Supplied information section start

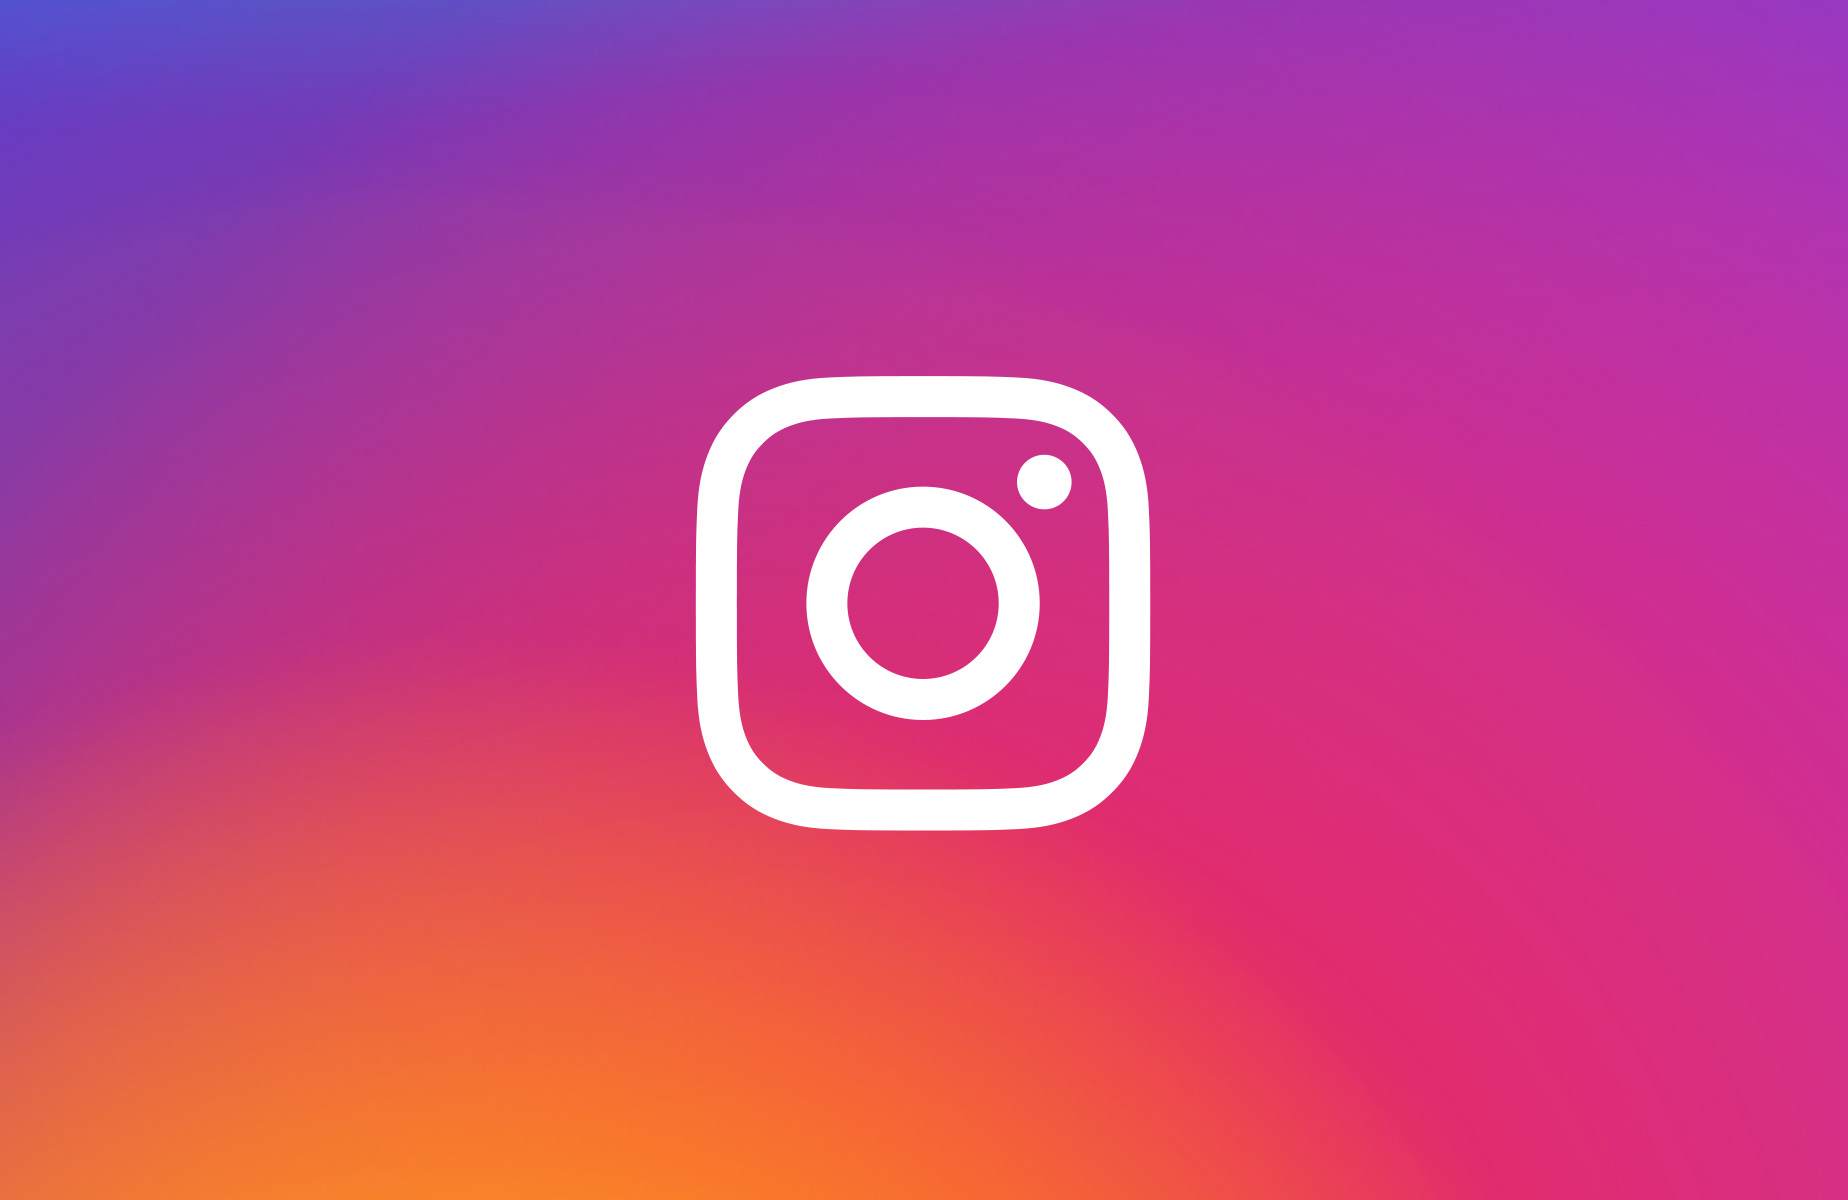 Instagram may charge a fee for adding Links to photos
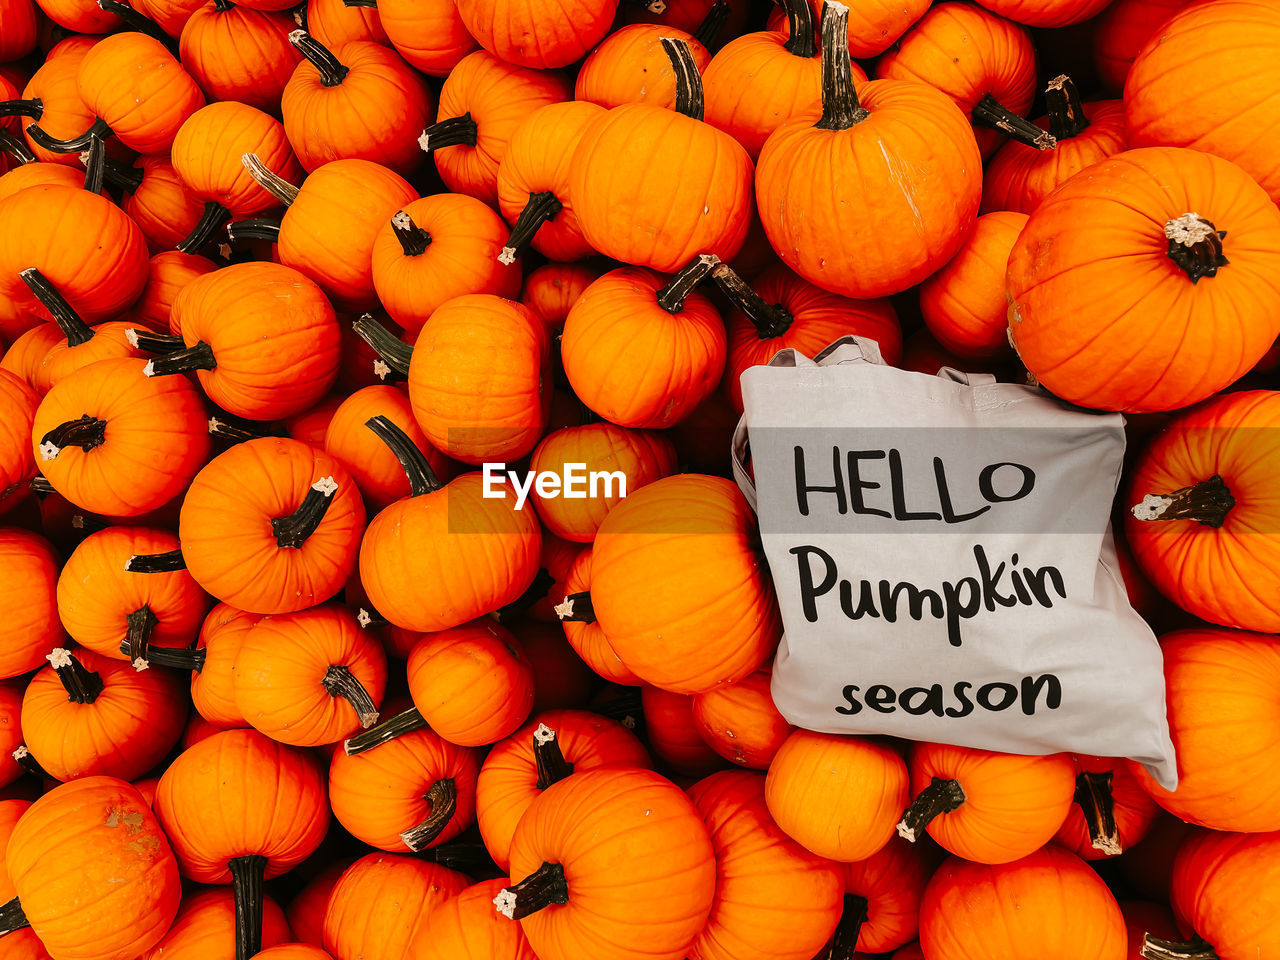 VARIOUS PUMPKINS FOR SALE AT MARKET STALL
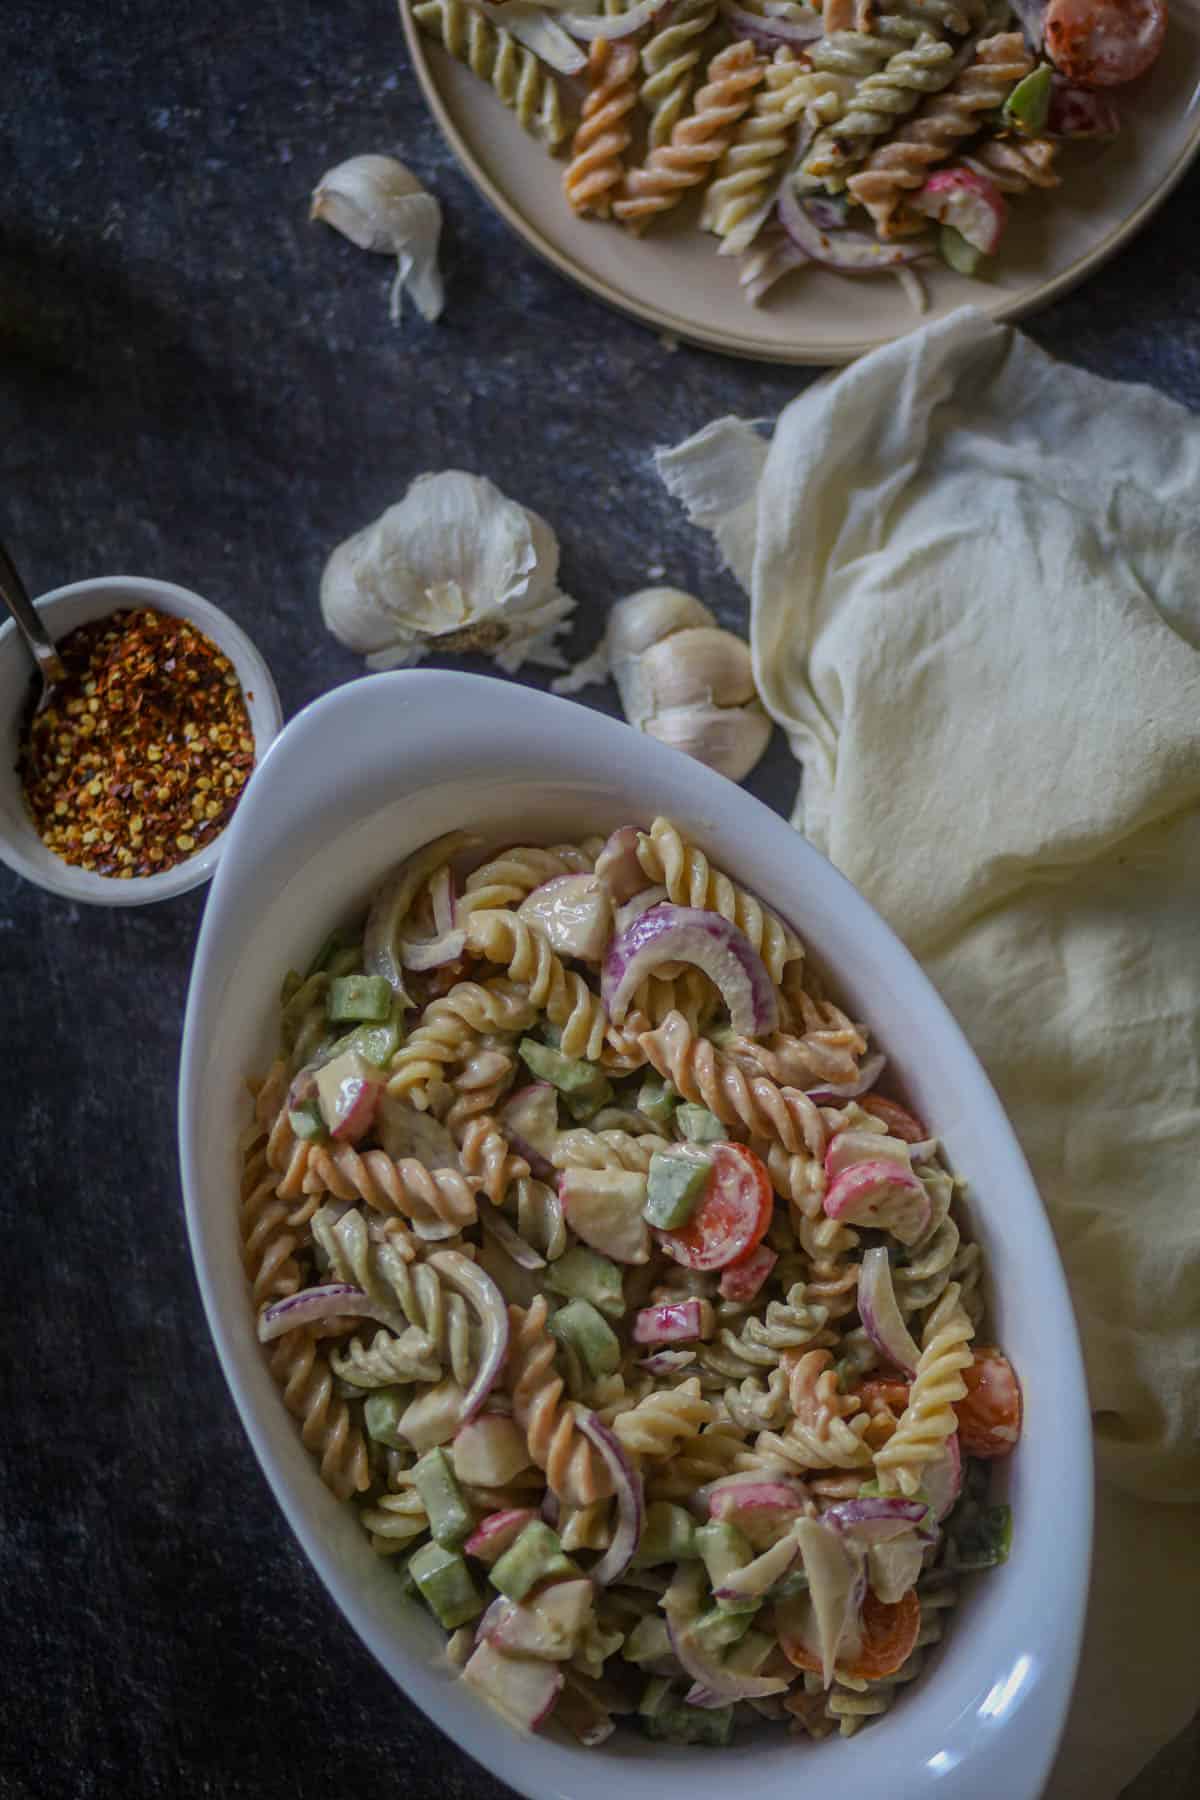 Tricolor Pasta Salad served in a white bowl.
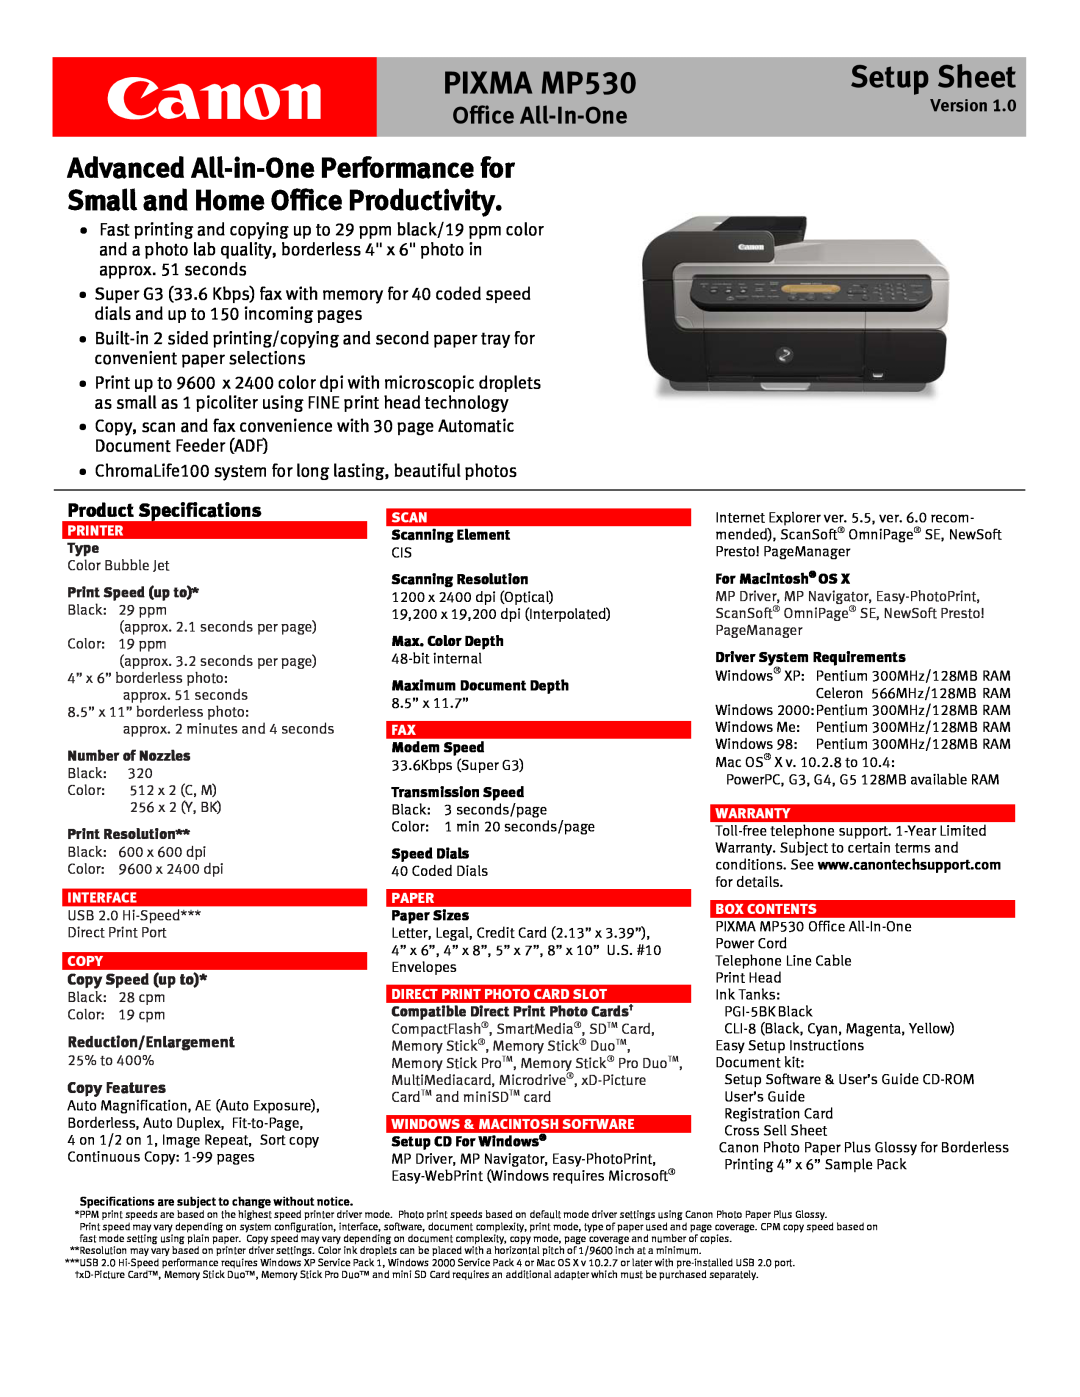 Canon specifications Setup Sheet, Product Specifications, Canon, PIXMA MP530, Office All-In-One, Version

Supplied information section end

§ **About this exercise**: All of the material above should be output exactly, with the pictures left behind.

§ **Answer space**:
 Instagram may charge a fee for adding Links to photos
 VARIOUS PUMPKINS FOR SALE AT MARKET STALL
 Tricolor Pasta Salad served in a white bowl.
 Canon specifications Setup Sheet, Product Specifications, Canon, PIXMA MP530, Office All-In-One, Version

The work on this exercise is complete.